I did as asked, but when I heard the line click when he picked up the phone, I didn’t hang up.  I pressed the “mute” button on the receiver and listened to what she was saying.

“Tay…  I miss you.” She said softly.

“I… Shanna, I miss you, too, but…”

“Why didn’t you tell me?” It was obvious she was crying now, albeit quietly, and controlled.

“Tell you what?” He asked in return, and I imagined he cradled the phone between his ear and shoulder.

“That you were so sick…”

“How…” he was shocked.  “How did you find out?”

“It was in the newspaper, Taylor.  There’s a picture of you coming from the hospital in Tulsa, and an article.” People couldn’t ever give this family a break; what right did anyone have to intrude so far into his life like that?

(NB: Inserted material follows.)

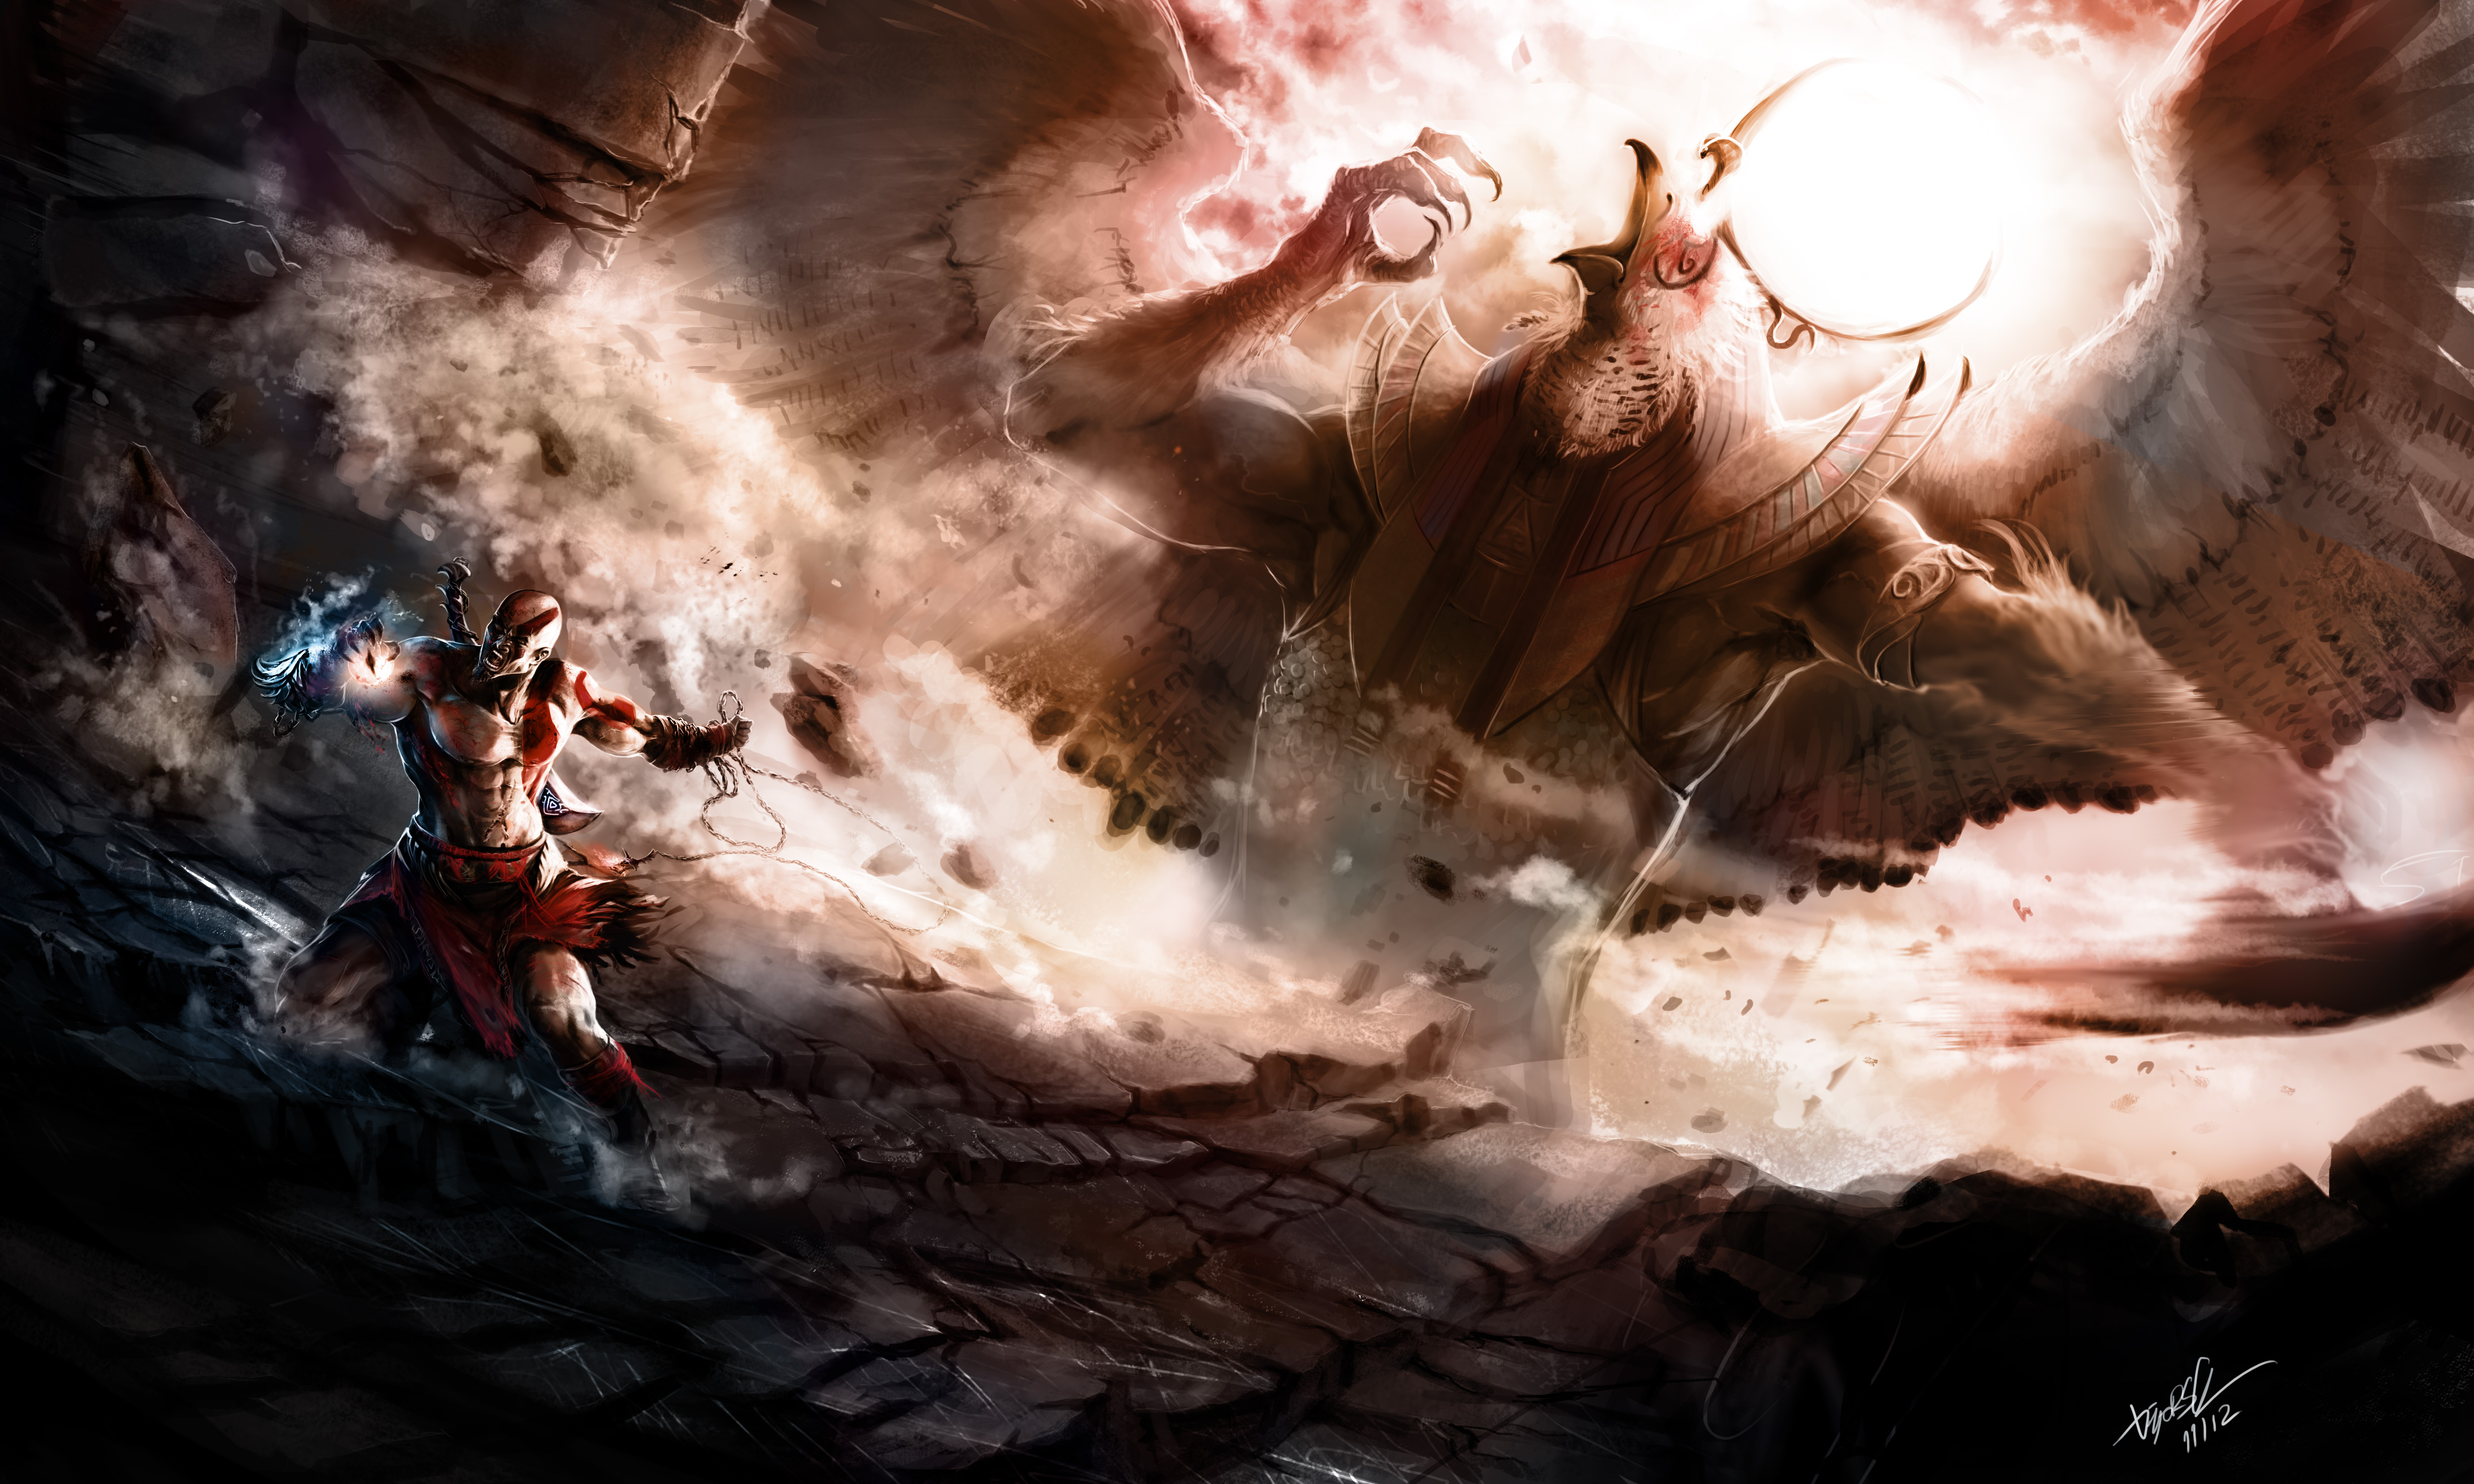 kratos_vs_ra_by_diegoocunha-d5jyaxz.jpg

“Shanna, I… I didn’t want anyone to know; none of my friends even know…”

“They probably do now; it was in the New York Times, the right hand column on the front page.”

“Oh no,” he said quietly.  “Shanna, I’m so sorry you had to find out this way.” Now it sounded like he was going to cry.

“How bad is it Taylor?” She asked quietly.  “Are you coming back to New York?”

“No,” he said softly.  “I’m not coming back to New York.” Somehow I gathered there was more to that than he actually said plainly.  “And it’s really bad.”

“Oh my God,” she said softly.  “Are you doing ok?”

“Not really,” he said quietly, and I imagine he was staring a hole into his carpet.  “I’m sure it was in the article that I’m getting chemo.”

“Yeah,” she said quietly, “it was.  I wanna see you, Tay.”

“I can’t travel, even if I wanted to come see you I couldn’t.”

“I care about you,” she said softly.  “I care about you a lot, and I care about what happens to you, Taylor.” I had eavesdropped enough, and hoped he didn’t realize that I had been listening when I finally quietly hung up the phone.